These are exactly the multi-million-dollar under-the-table deals that you have to worry about when the city and the state grants subsidies to pro sports teams:
That part about Garth Brooks is particularly disturbing. The country music star came to Nashville to help the city by raising funds for flood recovery. The Nashville Predators flipped the huge sales tax windfall (which could have gone to the city to help with flood recovery) into private income. On top of that they justified the gain with a lie: that they had to rearrange their schedule to accommodate Brooks after Brooks had worked around to help them. That they would exercise guile about a charity event is particularly loathsome in my book.
But who paved the way in state government? Based on a Twitter exchange I had yesterday with Phil Williams and Scene reporter J.R. Lind, I gather that Tennessee Democrats (Gary Odom?) had some legislative oversight of the bill that hustled these provisions in on Metro's contract with the Preds. But it looks like former Governor Phil Bredesen's revenue department also had a hand in this, although the revenuers seem to deny to Mr. Williams that they have relevant records (much like the Predators' front office denied having the paper trail that CVB had).
And the Dean Administration? If it comes to keeping up with how their home team conducts its NHL business with influential state Democrats they look inept or willfully ignorant.
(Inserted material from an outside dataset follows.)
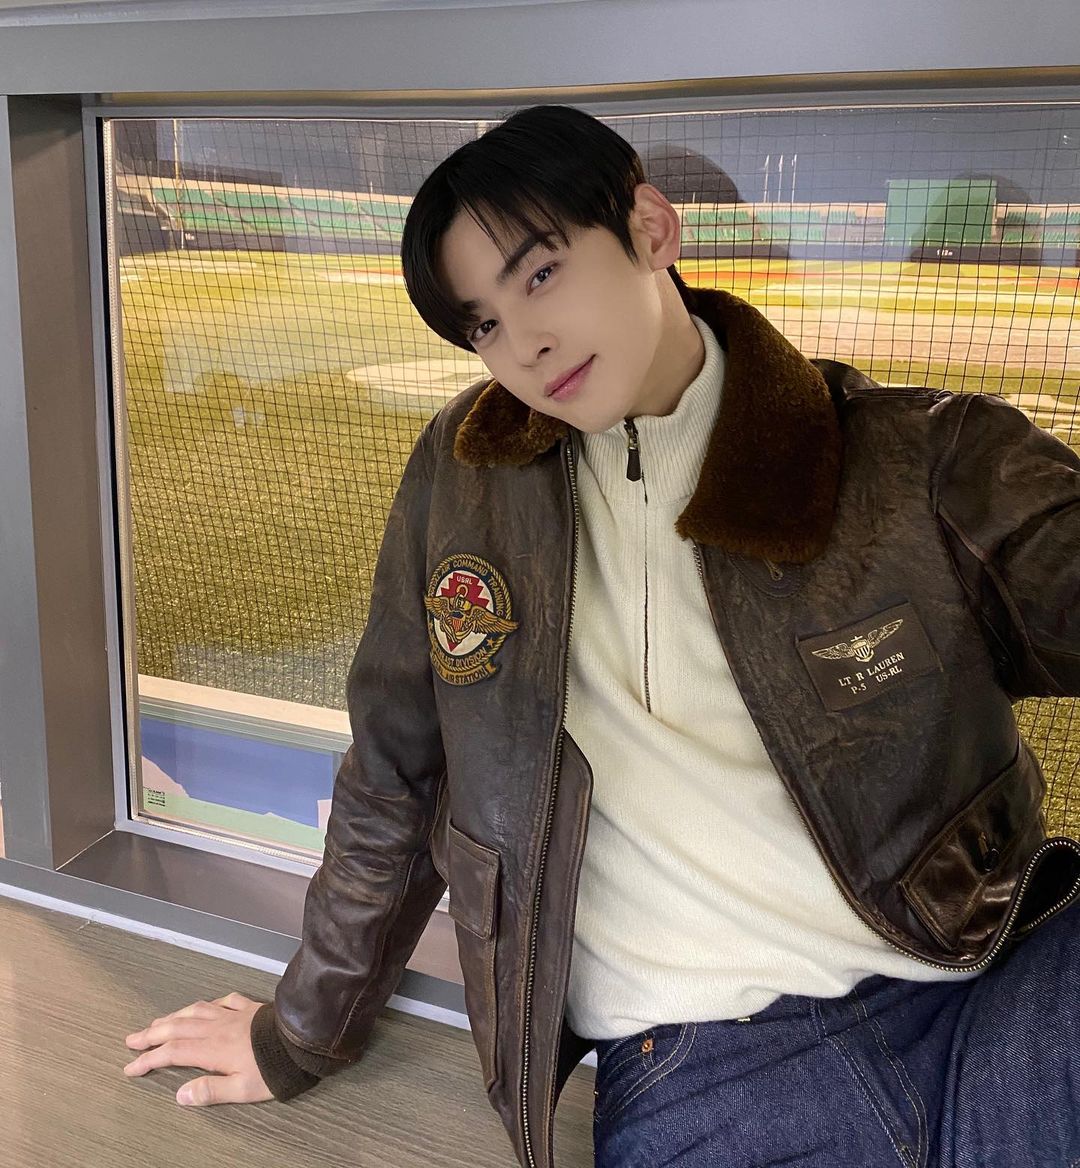 Cha Eun woo's best style moments

They may not be at fault for the funneling of vast sums of government revenue to sports enterprise, but they also seem to have done nothing to safeguard tax revenues by calling public attention to questions of where sales taxes from events might come and go through the CVB. Then again, Karl Dean has never struck me as the kind of Mayor who wants to count on public attention or support beyond that which he receives at election time.
UPDATE: NewsChannel5 announced today (Wednesday, Nov 23) that reporter Phil Williams will divulge the identity of the individual(s) who leveraged millions in non-hockey sales tax revenues for the hockey club on their 6 pm broadcast.